PROMPT -
The data below should be restated word for word, with every picture omitted.

DATA SEGMENT -
BEGIN
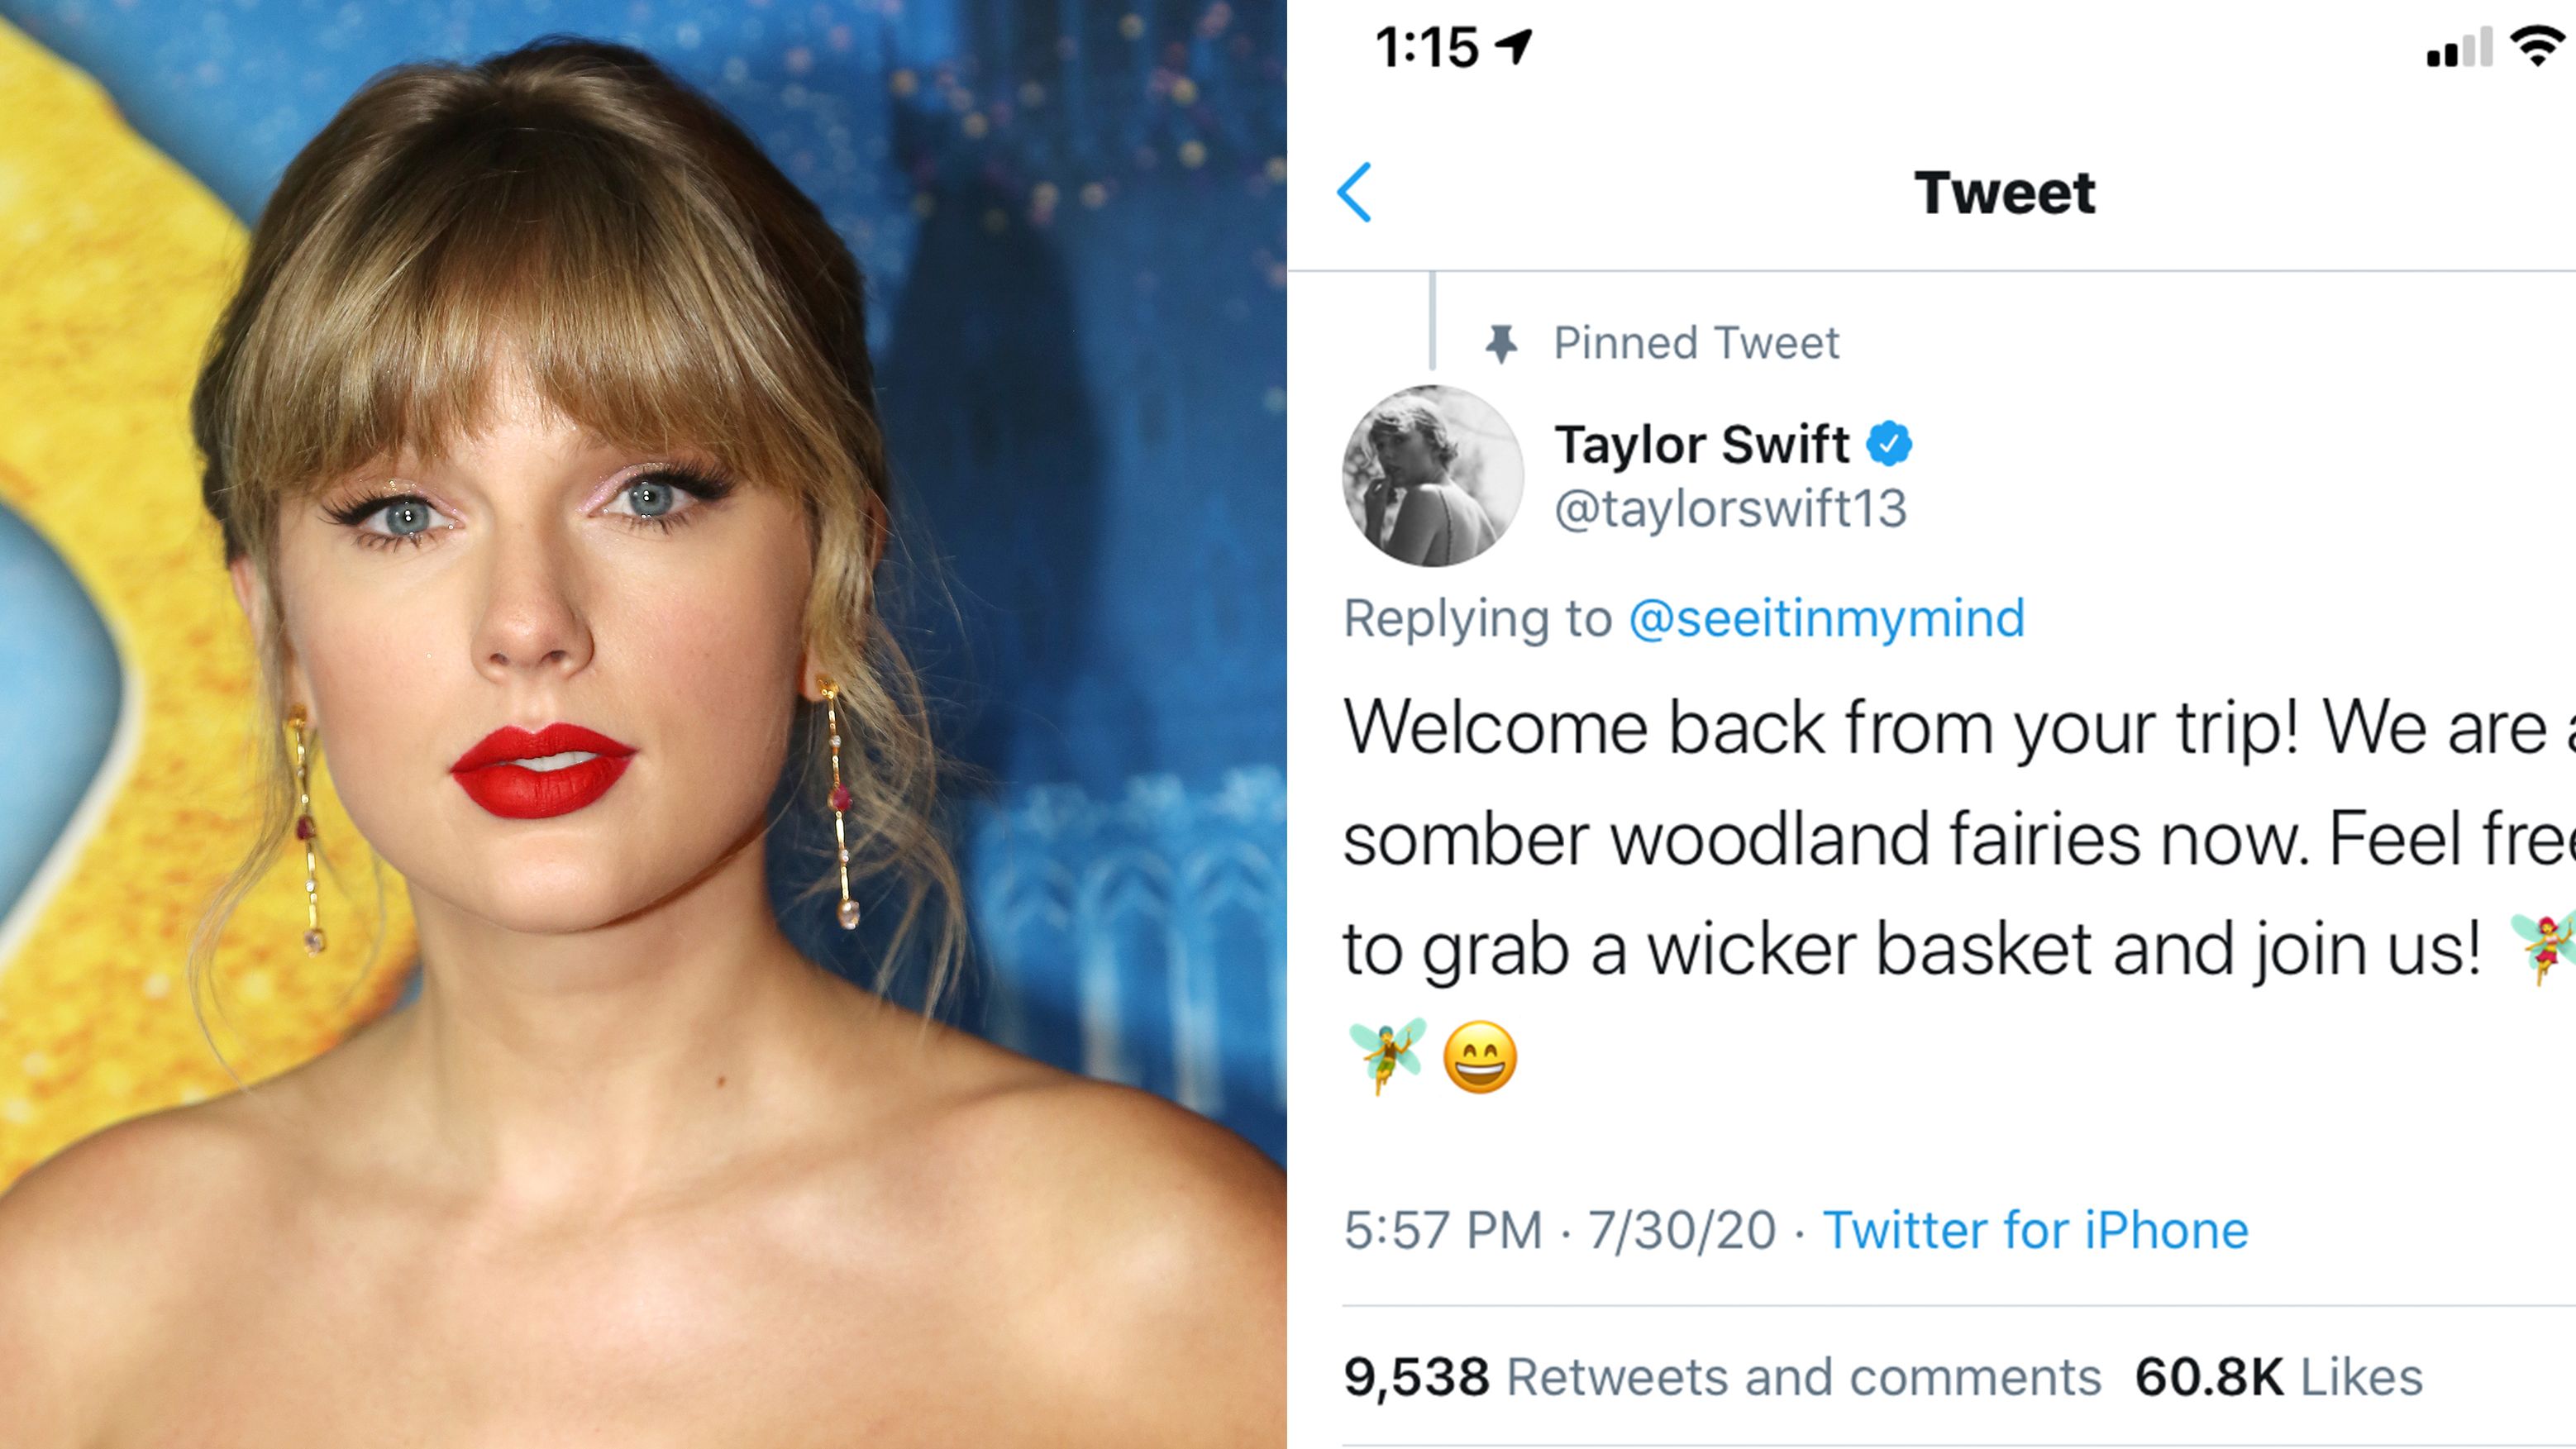 UPDATED] Taylor Swift Responded to the Girl Who Missed the Release
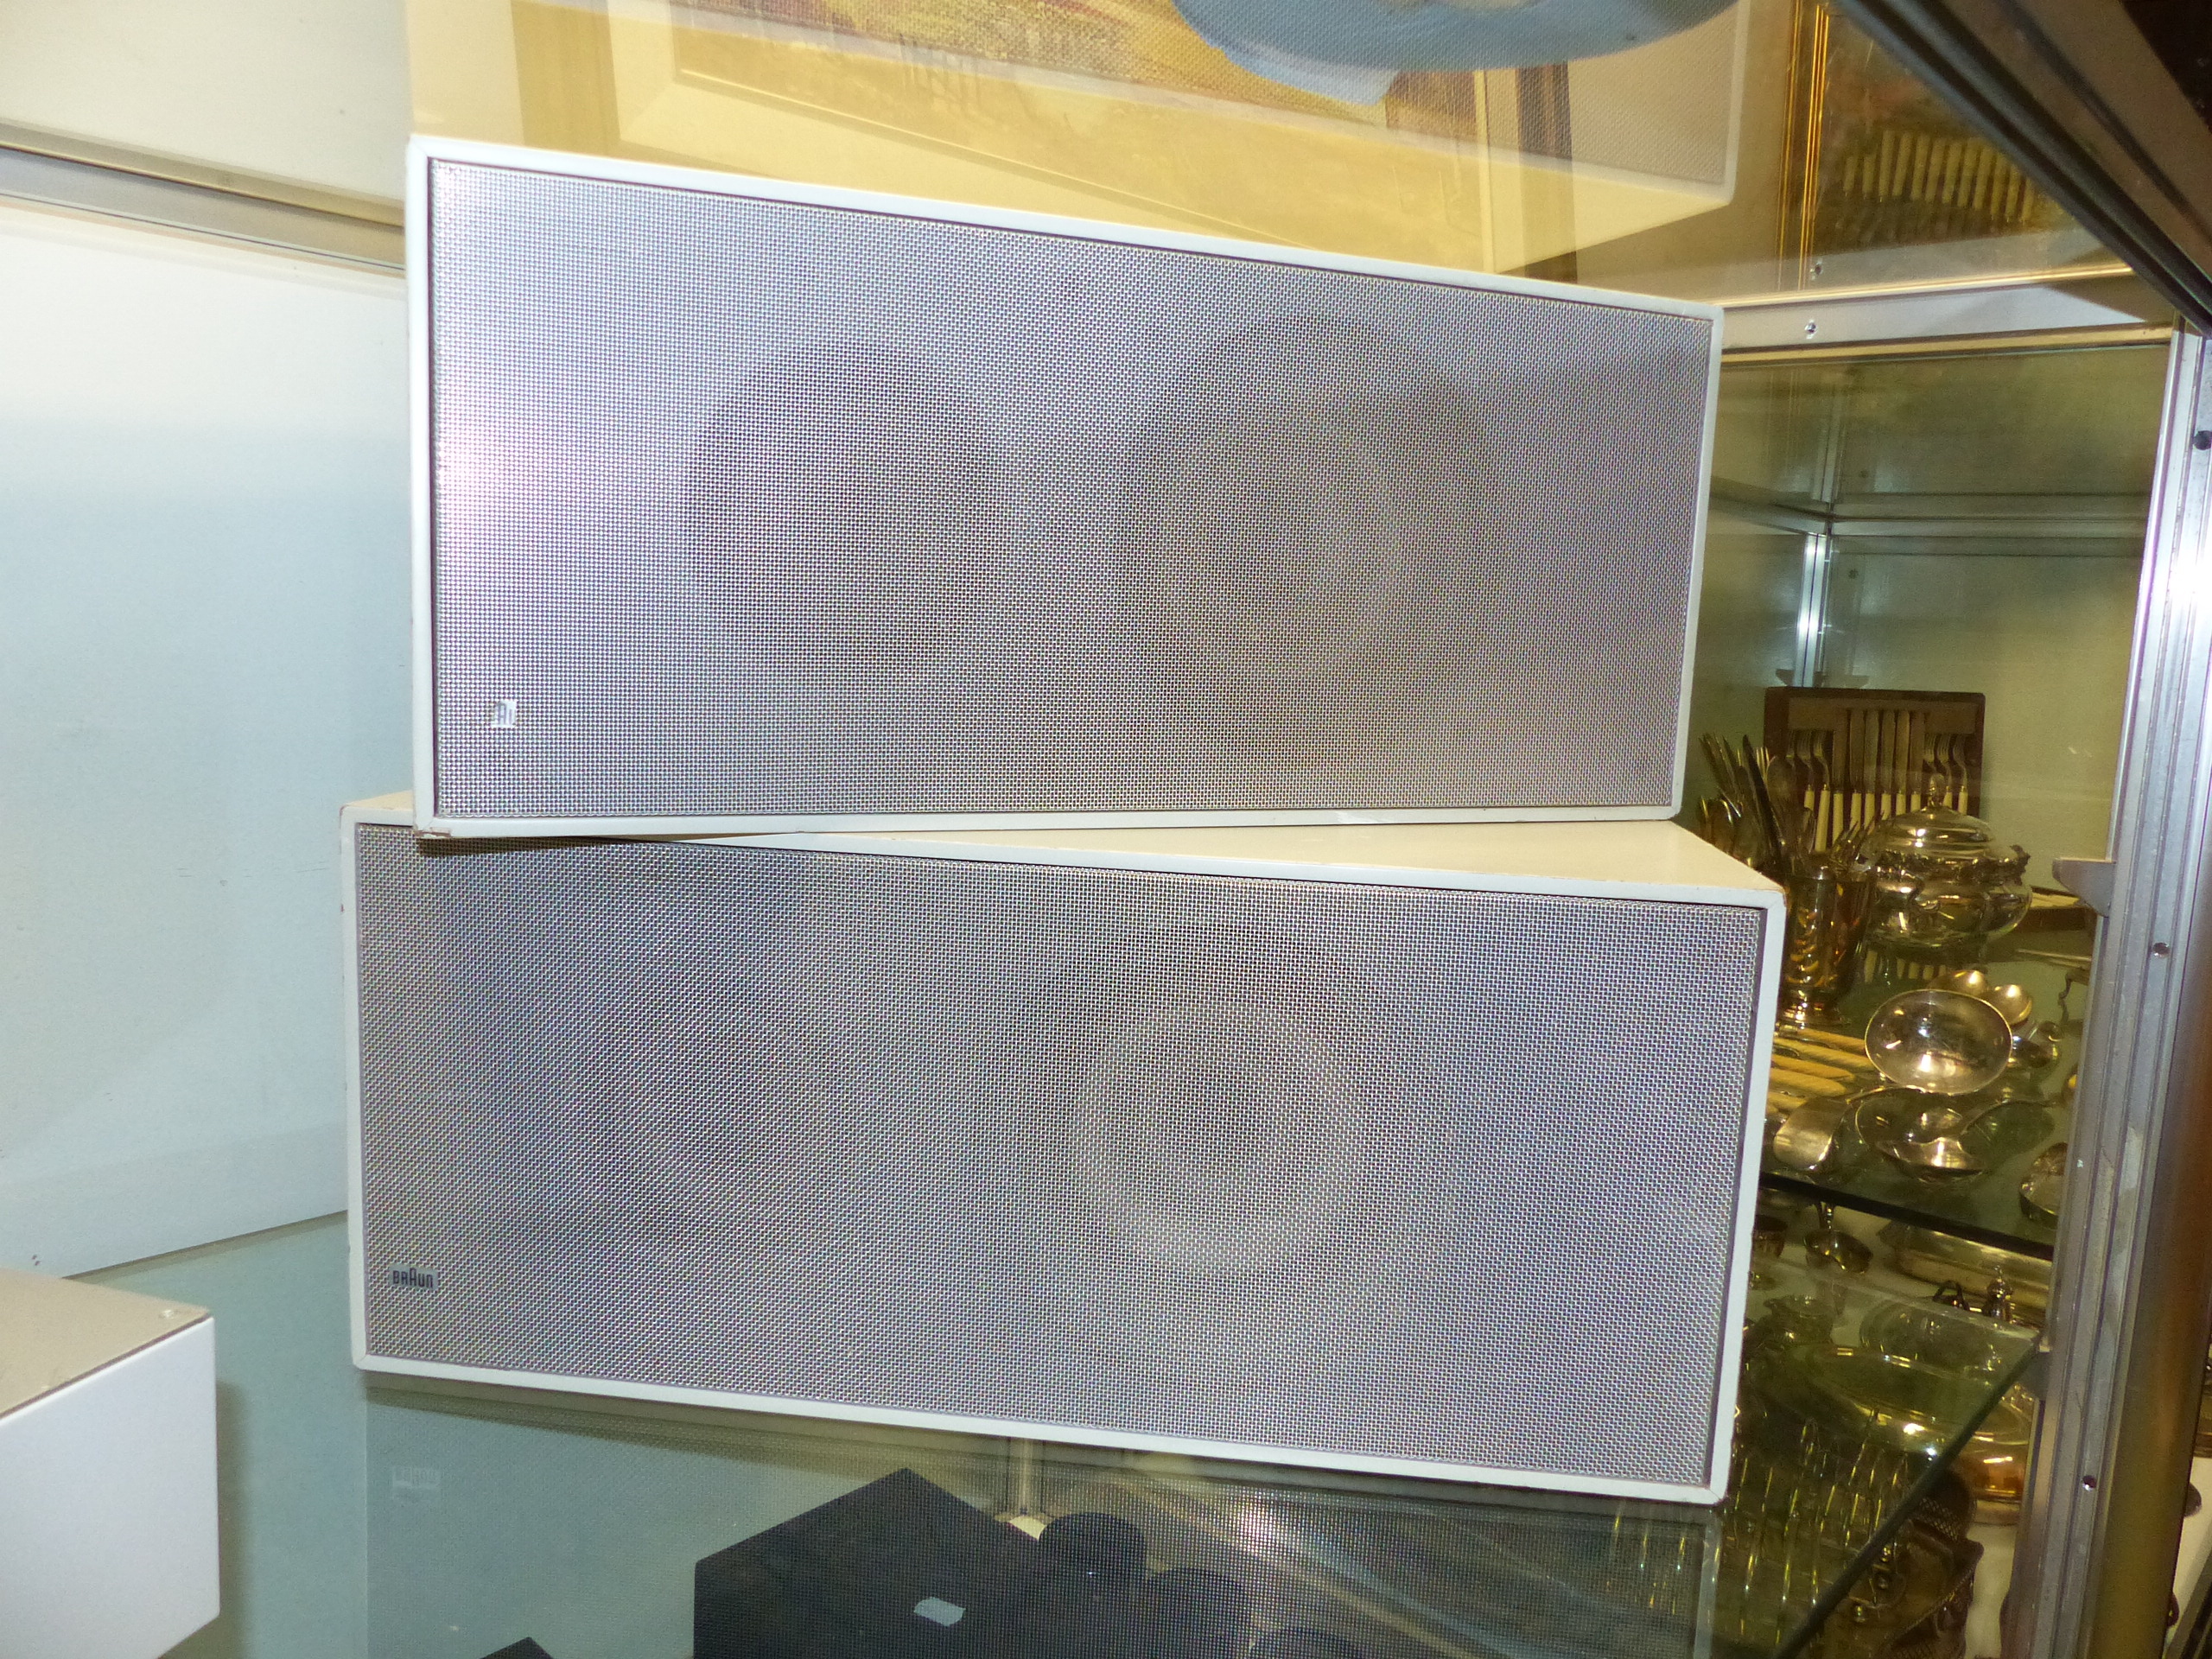 A RARE BRAUN AUDIO TC45 PHONO SUPER STEREO SYSTEM DESIGNED BY DIETER RAMS c.1965 FITTED WITH SME - Image 2 of 5
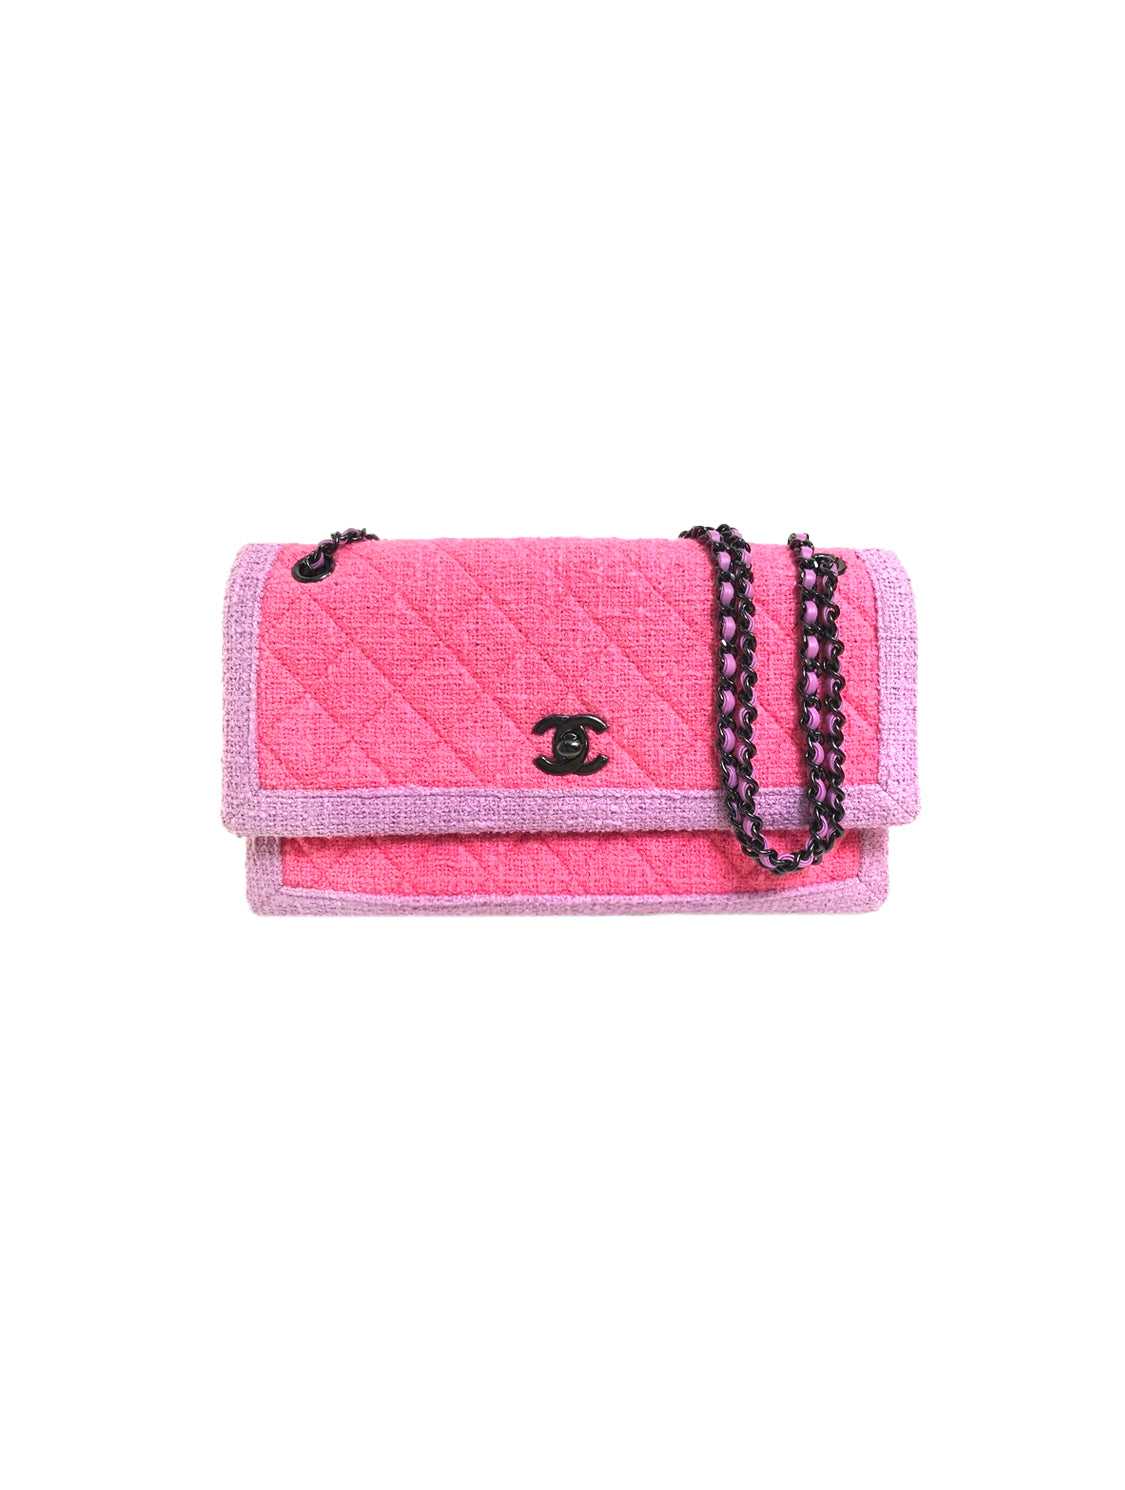 Chanel 2015-2016 Terrycloth Wallet Chain Flap
END
ANSWER BOX -
 UPDATED] Taylor Swift Responded to the Girl Who Missed the Release
 A RARE BRAUN AUDIO TC45 PHONO SUPER STEREO SYSTEM DESIGNED BY DIETER RAMS c.1965 FITTED WITH SME - Image 2 of 5
 Chanel 2015-2016 Terrycloth Wallet Chain Flap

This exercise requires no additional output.